Chinese real estate developers are now chasing the cash that has seeped beyond China’s borders

March 27, 2013
March 27, 2013

In the first nine months of 2012, as China prepared to usher in its new leadership, an estimated $225 billion leaked out of the country. Unsurprisingly, Chinese real estate developers are following that flighty capital abroad.

The Wall Street Journal reports that Shanghai-based Greenland Group is building a residential and hotel development in Sydney. Another Chinese developer, China Vanke, is building a project in San Francisco, as we discussed recently. Both cities happen to be popular destinations for Chinese investors.

Some of the cash that has fled China is likely the fruits of corruption, as ostensibly low-paid officials who had collected money under the table fretted the Communist Party’s new chiefs would not turn a blind eye to their past misdeeds. (Chinese nationals are only allowed to move $50,000 a year out of the country. Here is how they smuggle out more.)

Overseas property is a natural home for the money that has flooded out of China.

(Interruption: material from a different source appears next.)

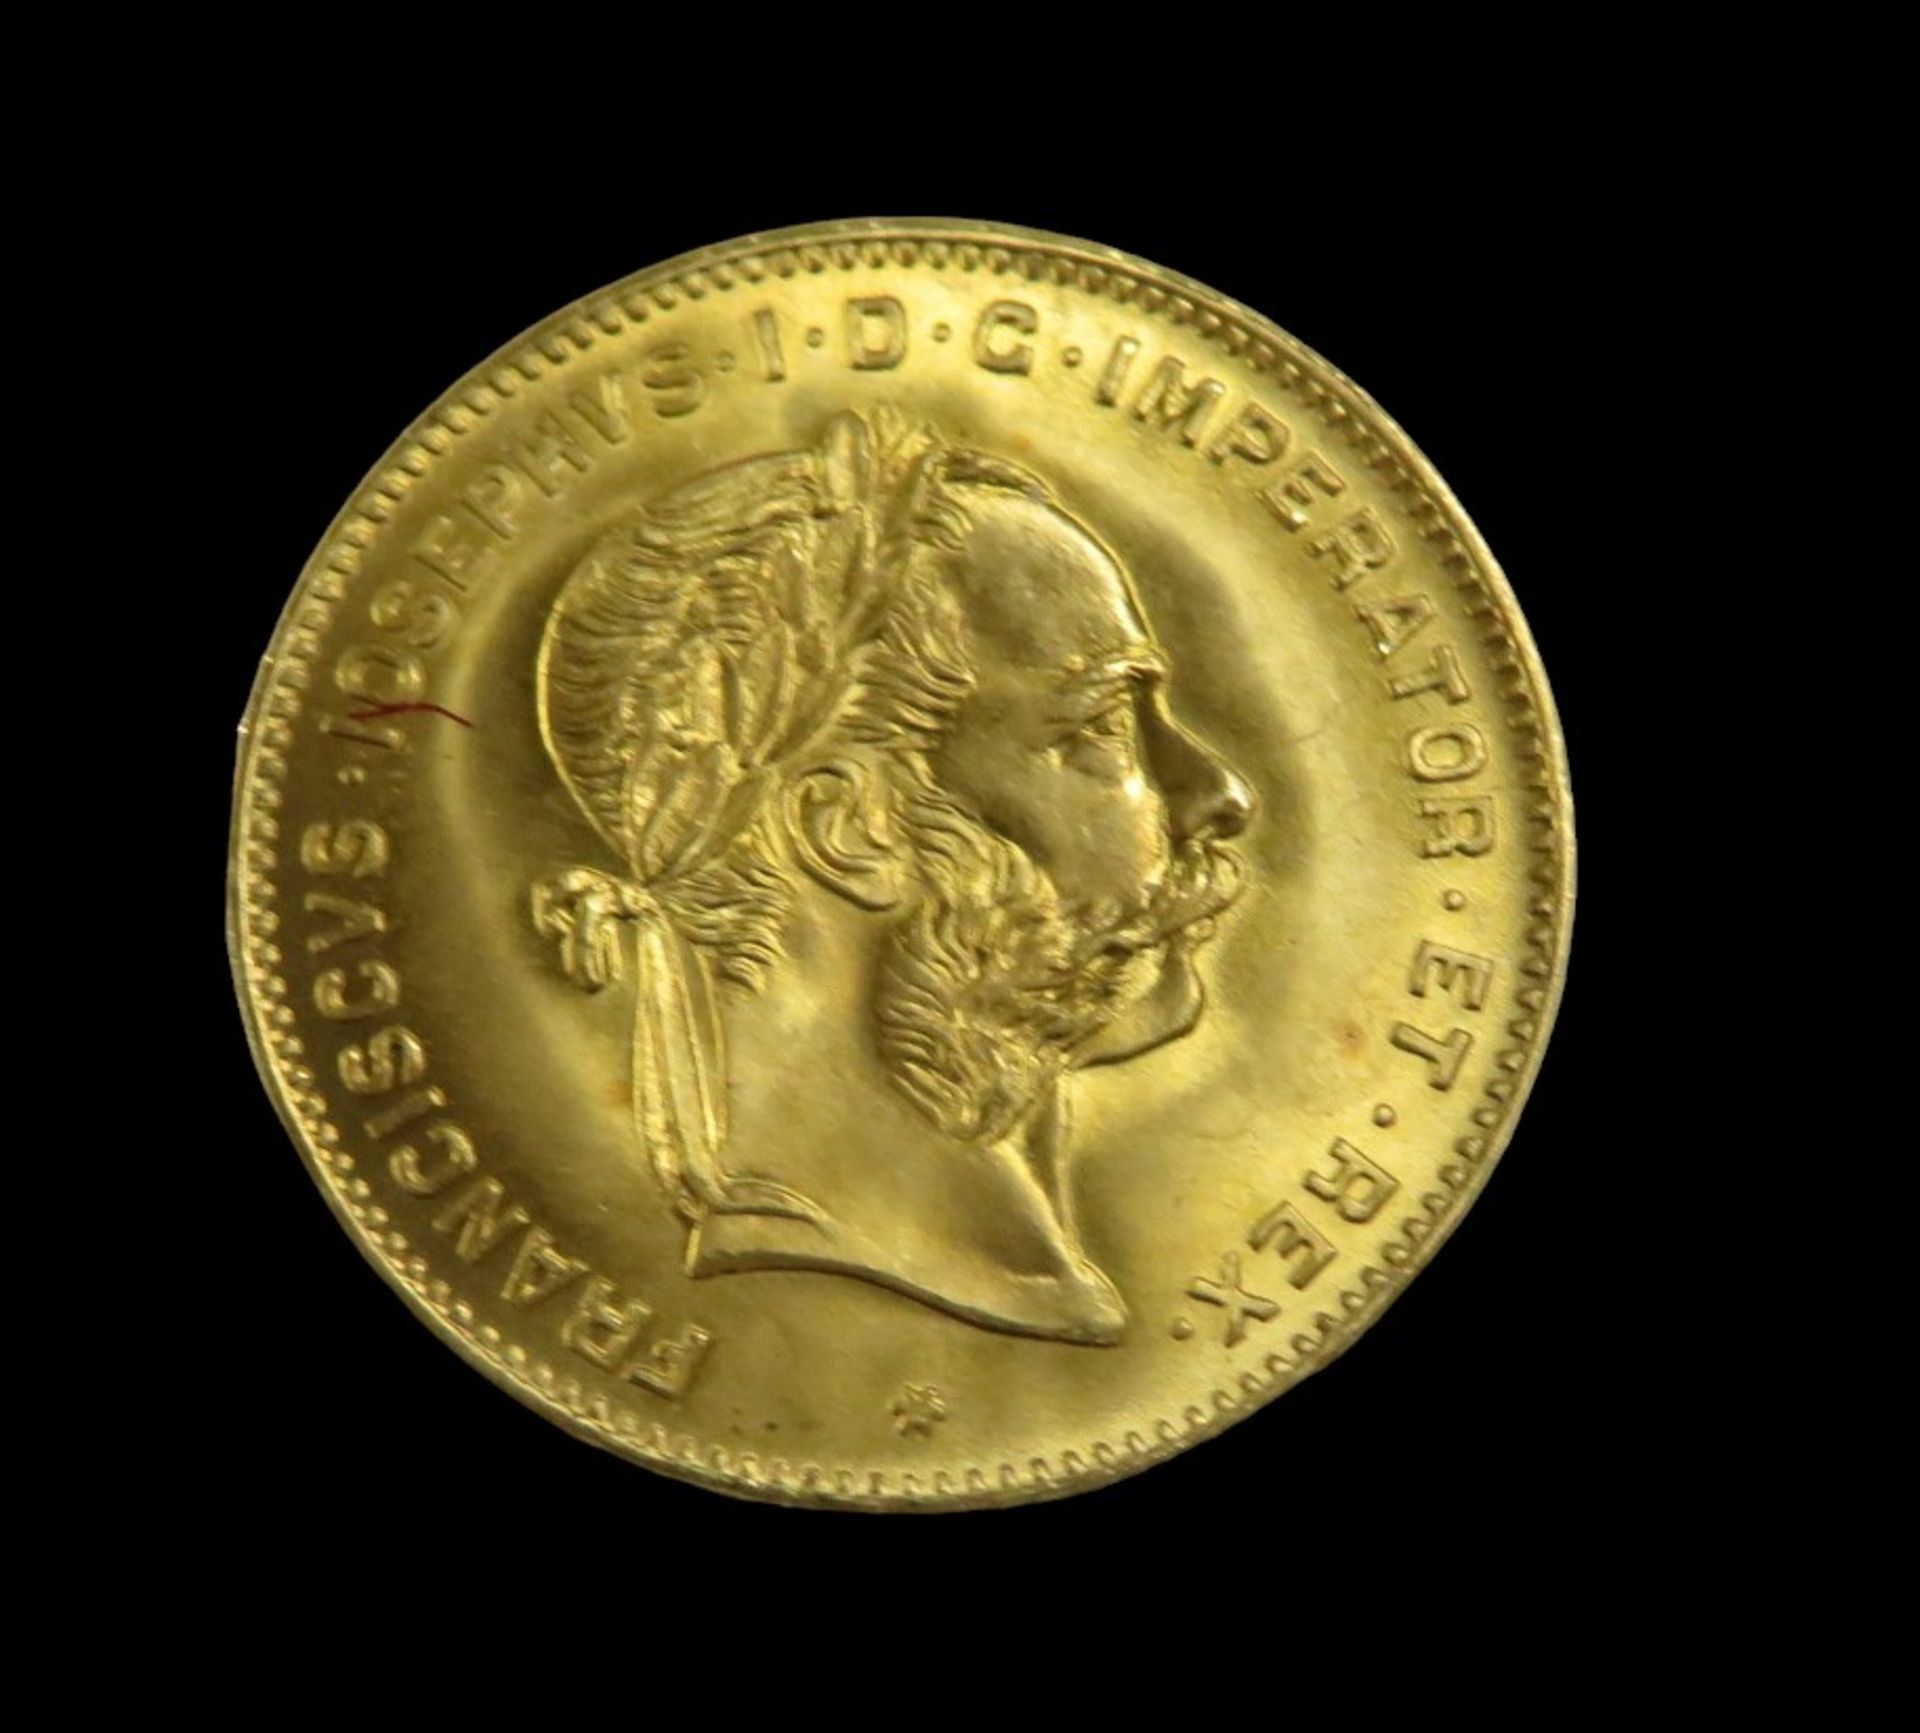 Goldmünze, Österreich, 4 Florin/Goldgulden, Franz Joseph I, 1892, Gold 900/000, 3,23 g, d 1,9 cm.
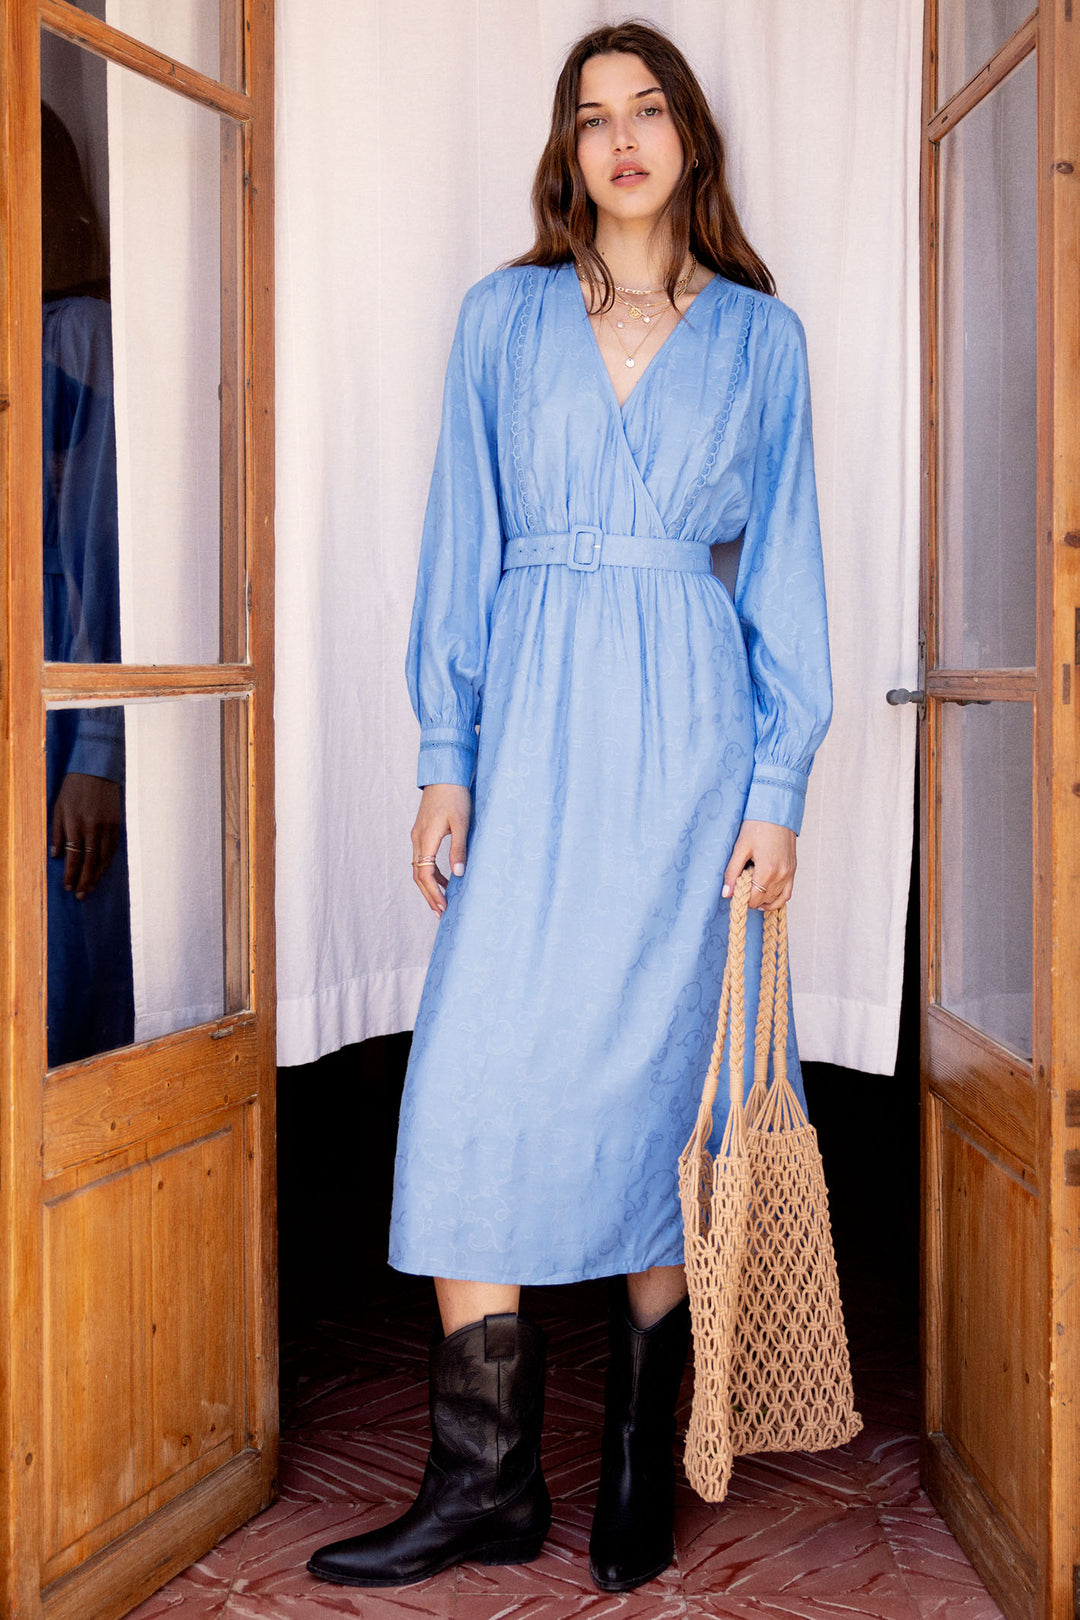 Atelier Reve 20120200 IRLOWLY Marina Blue Long Sleeve Dress - Dotique Chesterfield

Owning real estate abroad helps citizens who need to flee get overseas residency permits.

But the trend the Chinese developers have spotted is not entirely new.

Chinese buyers also spent $7 billion on US real estate in 2011, according to the National Association of Realtors. Even back then, it seems, government officials and wealthy businesspeople were shunting money out of China in preparation for the country’s leadership transition.

Chinese buyers of luxury real estate in Southern California that year were “people who have their own businesses, or maybe were part of the government,” a local realtor said at the time.